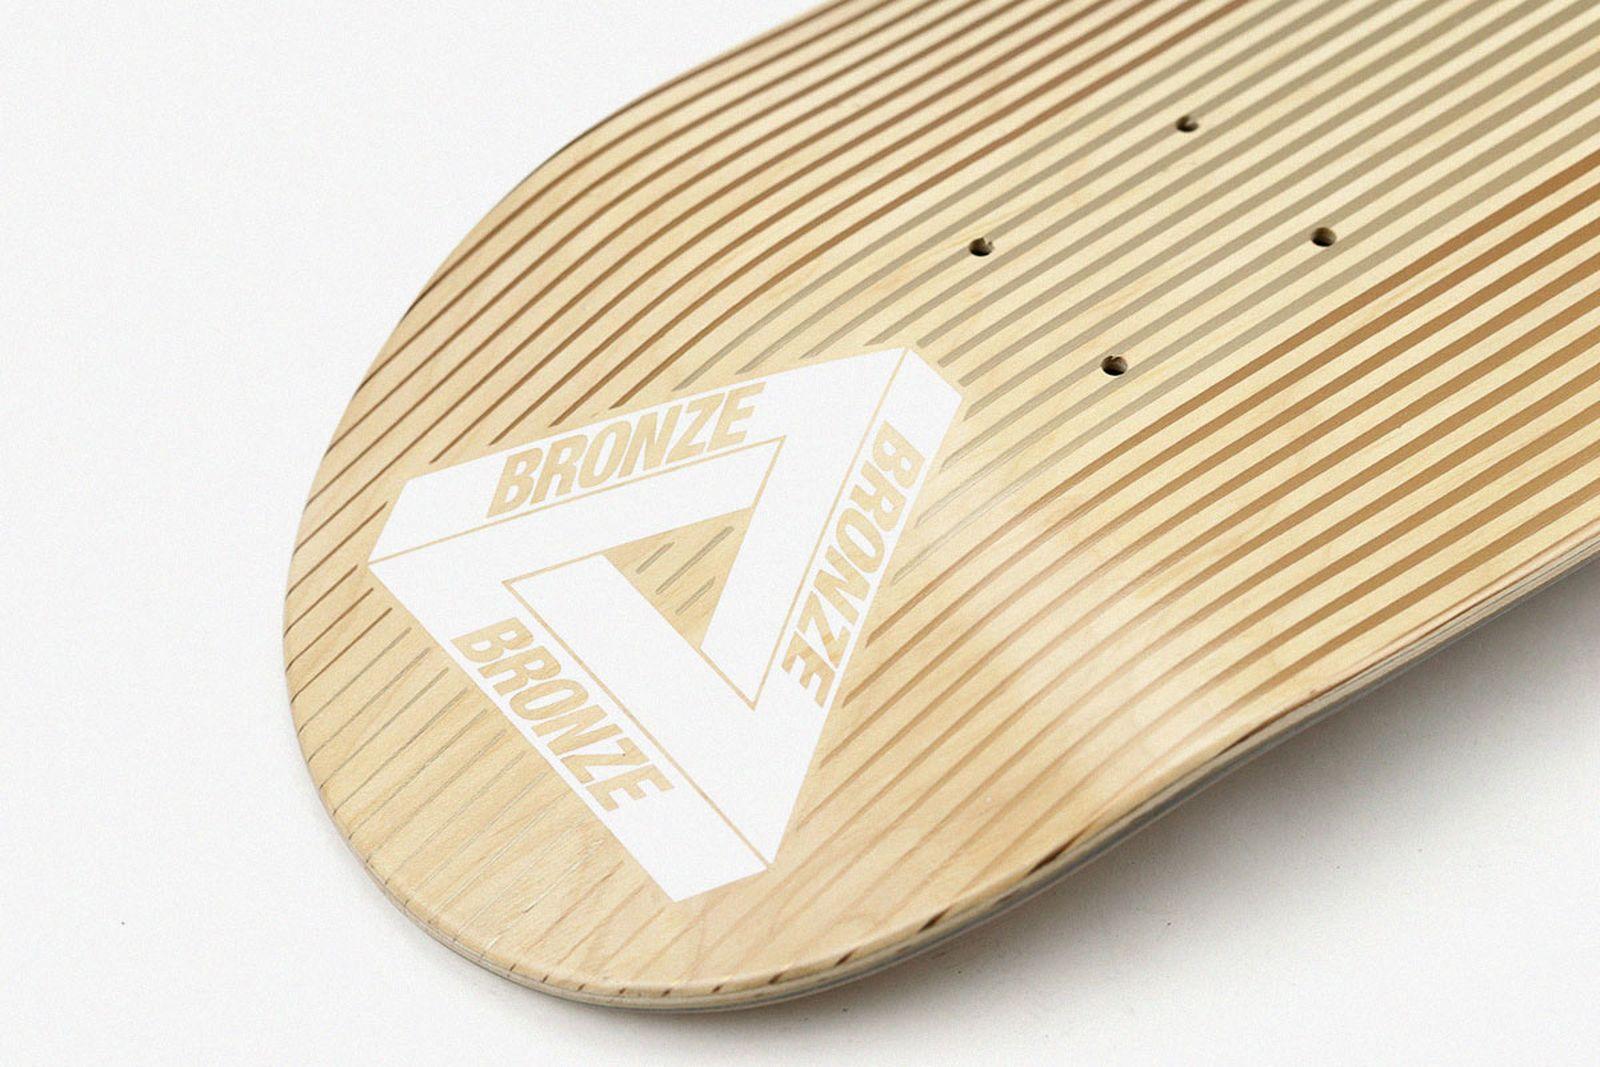 palace-skateboards-guide-18
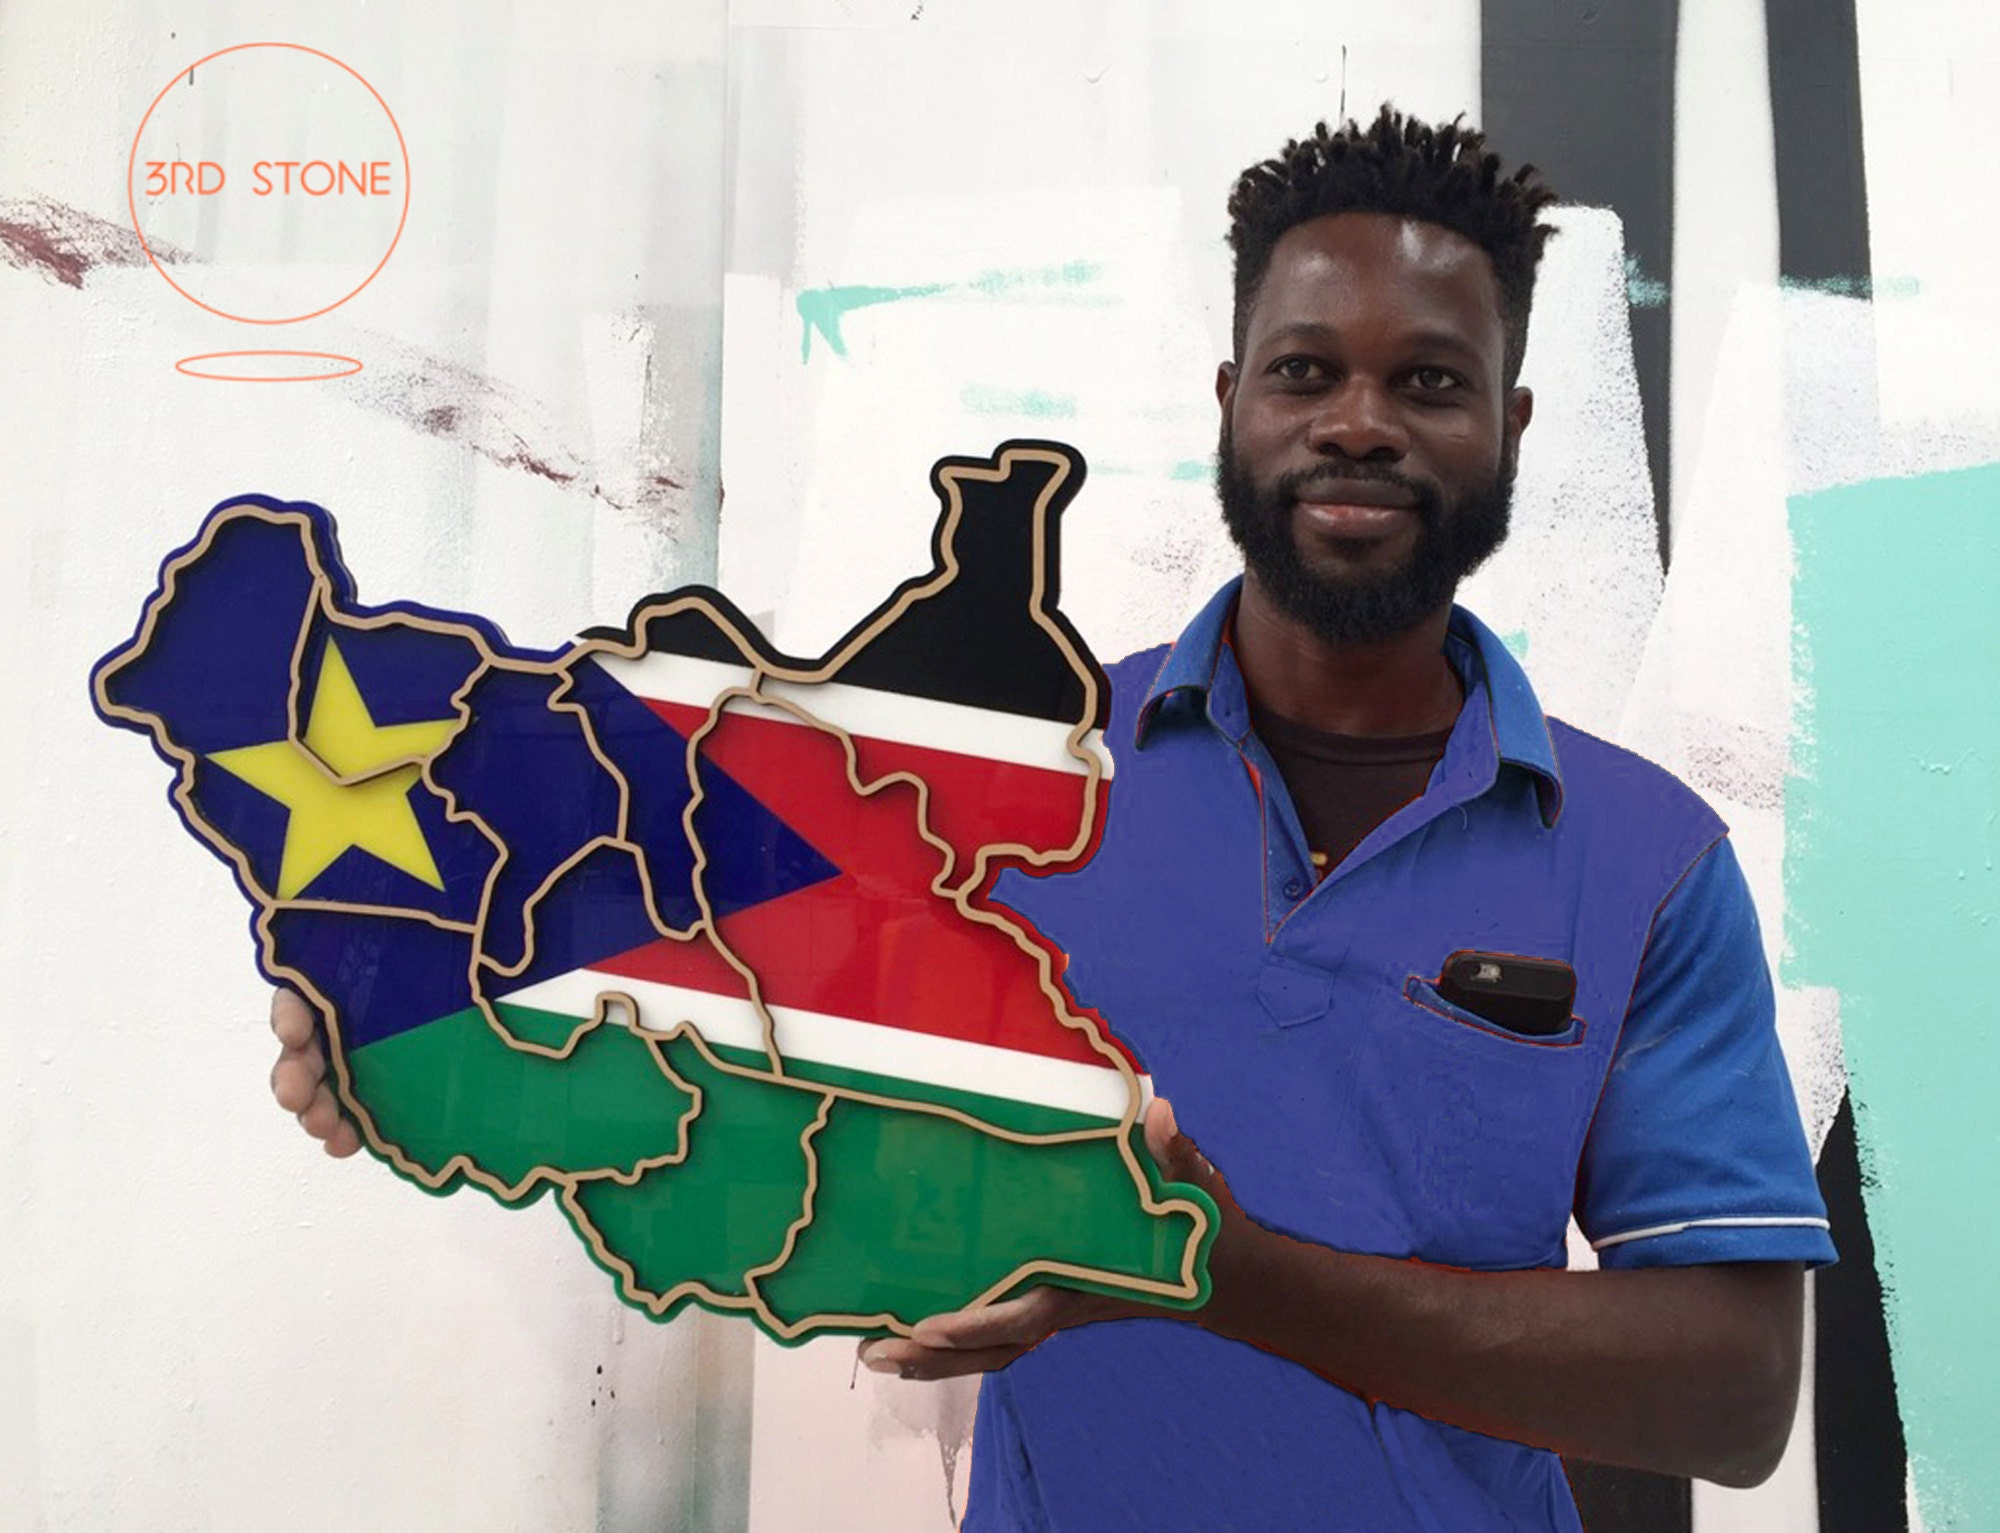 South Sudan map / flag combination
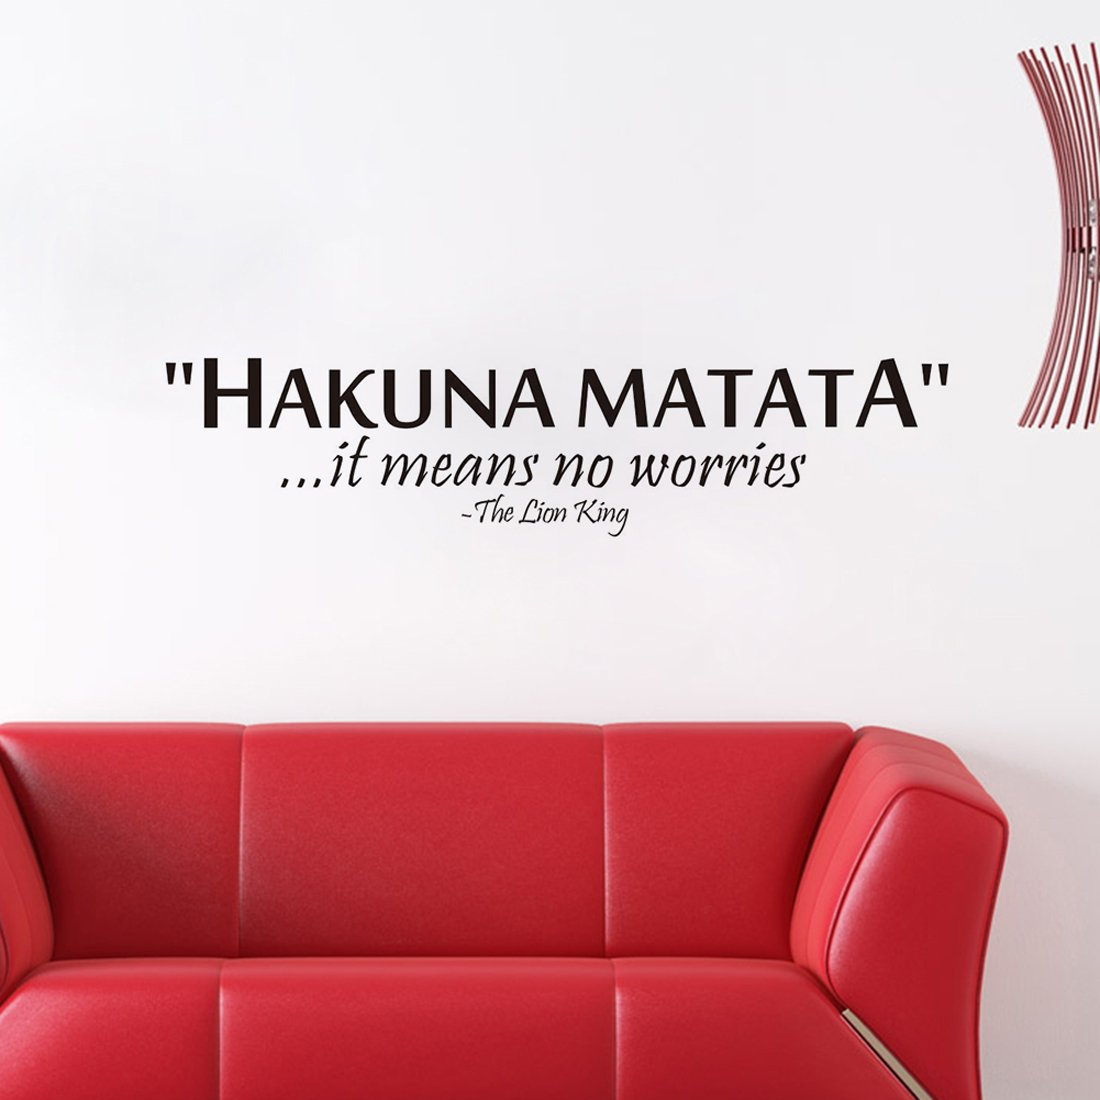 filosofische spreuken geluk Praktische Spreuken muurstickers HAKUNA MATATA Geluk Filosofie  filosofische spreuken geluk
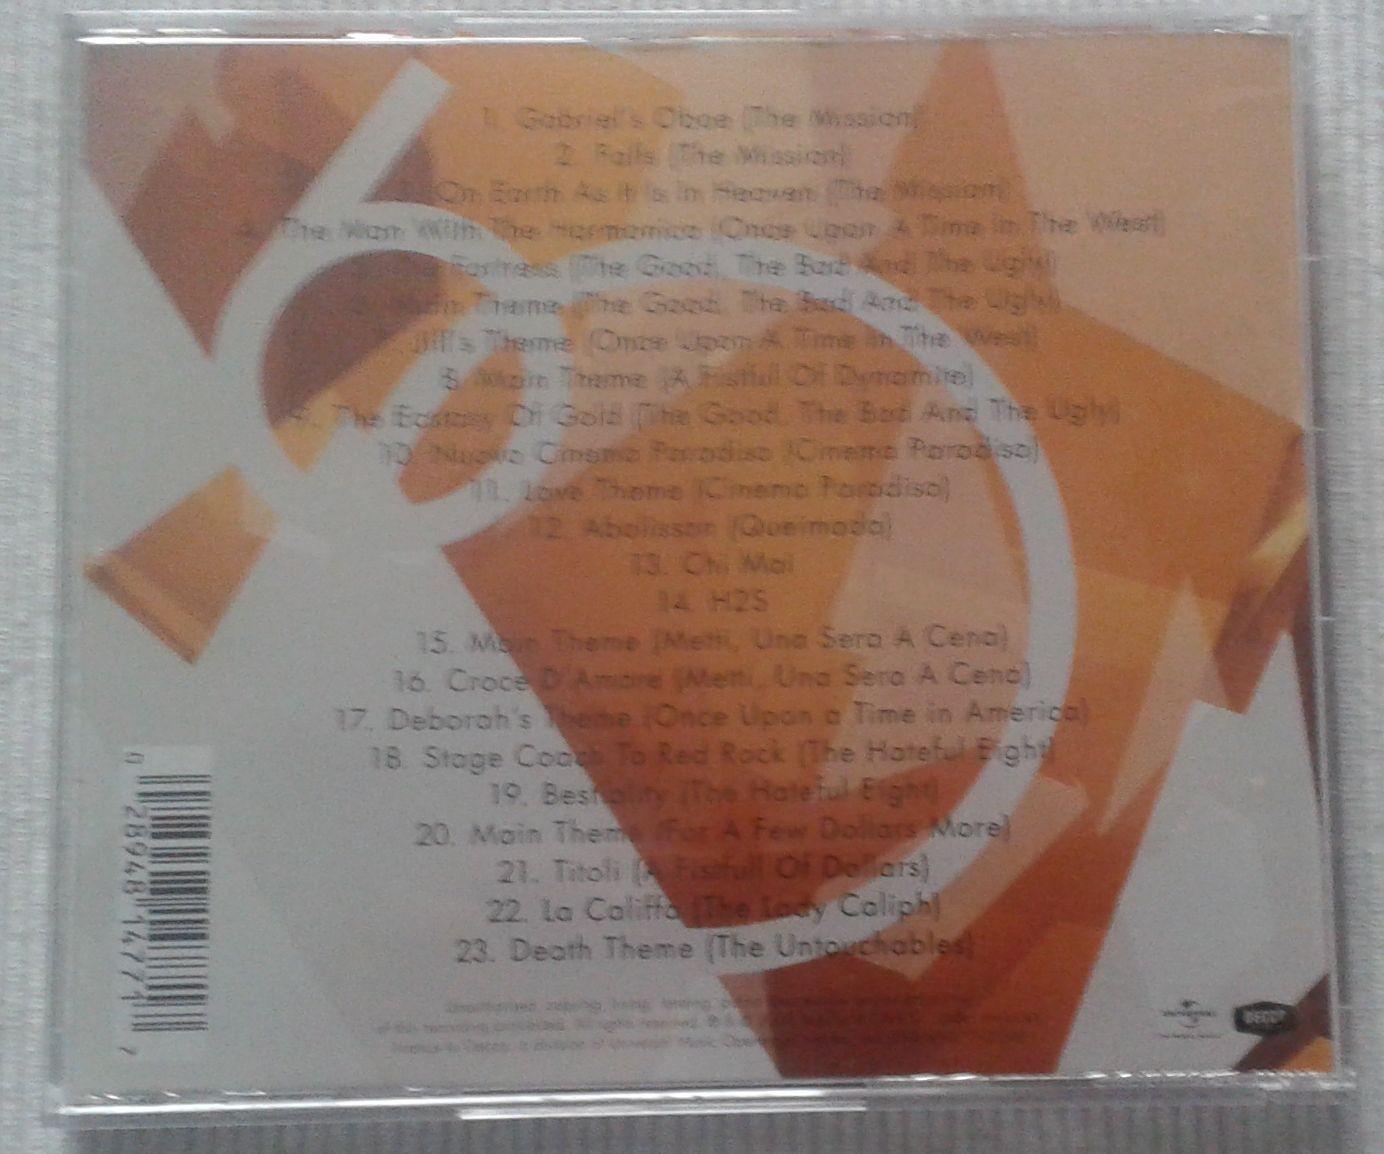 Ennio 60 CD tył.jpg

++++++++++

■ **What the task requires**: Leaving out the pictures, restate the listing above exactly.

■ **Answer for this exercise**:
 palace-skateboards-guide-18
 South Sudan map / flag combination
 filosofische spreuken geluk Praktische Spreuken muurstickers HAKUNA MATATA Geluk Filosofie  filosofische spreuken geluk
 Ennio 60 CD tył.jpg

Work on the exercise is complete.